* [ABOUT THIS EXERCISE]
The lines to copy from the data below are those that hold the string "Full".

[MATERIAL TO PROCESS — start]

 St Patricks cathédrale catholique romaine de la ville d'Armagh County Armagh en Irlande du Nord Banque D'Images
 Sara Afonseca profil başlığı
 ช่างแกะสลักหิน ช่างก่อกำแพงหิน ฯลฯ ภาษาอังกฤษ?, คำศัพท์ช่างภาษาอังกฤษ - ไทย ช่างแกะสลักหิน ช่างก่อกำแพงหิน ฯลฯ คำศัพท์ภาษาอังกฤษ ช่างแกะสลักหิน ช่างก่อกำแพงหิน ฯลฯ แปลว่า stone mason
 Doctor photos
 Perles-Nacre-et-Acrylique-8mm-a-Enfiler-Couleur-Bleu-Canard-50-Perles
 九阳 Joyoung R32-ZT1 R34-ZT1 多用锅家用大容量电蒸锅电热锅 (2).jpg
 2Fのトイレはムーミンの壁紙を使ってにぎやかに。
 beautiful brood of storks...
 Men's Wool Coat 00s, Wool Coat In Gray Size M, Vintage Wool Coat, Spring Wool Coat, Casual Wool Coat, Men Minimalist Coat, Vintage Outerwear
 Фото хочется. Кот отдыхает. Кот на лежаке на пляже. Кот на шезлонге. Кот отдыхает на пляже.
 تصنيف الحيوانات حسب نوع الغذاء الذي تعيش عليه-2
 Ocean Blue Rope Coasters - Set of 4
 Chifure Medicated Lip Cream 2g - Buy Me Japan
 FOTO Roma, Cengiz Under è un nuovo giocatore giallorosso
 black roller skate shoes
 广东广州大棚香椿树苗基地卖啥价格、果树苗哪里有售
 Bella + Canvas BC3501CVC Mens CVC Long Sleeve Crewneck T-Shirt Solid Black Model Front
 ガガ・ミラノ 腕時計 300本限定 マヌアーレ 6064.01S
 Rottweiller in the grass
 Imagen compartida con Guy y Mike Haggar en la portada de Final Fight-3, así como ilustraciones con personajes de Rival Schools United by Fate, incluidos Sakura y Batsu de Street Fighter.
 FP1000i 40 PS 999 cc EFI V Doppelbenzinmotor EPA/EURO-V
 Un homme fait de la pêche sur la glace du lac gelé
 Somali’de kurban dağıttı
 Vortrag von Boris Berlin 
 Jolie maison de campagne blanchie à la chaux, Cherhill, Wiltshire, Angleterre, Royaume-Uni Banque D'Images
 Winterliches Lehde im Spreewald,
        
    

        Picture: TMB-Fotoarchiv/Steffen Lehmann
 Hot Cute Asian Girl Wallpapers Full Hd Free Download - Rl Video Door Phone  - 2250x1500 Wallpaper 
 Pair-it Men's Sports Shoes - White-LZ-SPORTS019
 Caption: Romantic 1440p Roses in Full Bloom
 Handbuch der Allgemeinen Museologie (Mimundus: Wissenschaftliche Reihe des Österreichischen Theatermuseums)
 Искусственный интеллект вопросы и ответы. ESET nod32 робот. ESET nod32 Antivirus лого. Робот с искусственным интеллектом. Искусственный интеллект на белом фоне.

[MATERIAL TO PROCESS — finish]

* [RESULT BELOW]
 Hot Cute Asian Girl Wallpapers Full Hd Free Download - Rl Video Door Phone  - 2250x1500 Wallpaper 
 Caption: Romantic 1440p Roses in Full Bloom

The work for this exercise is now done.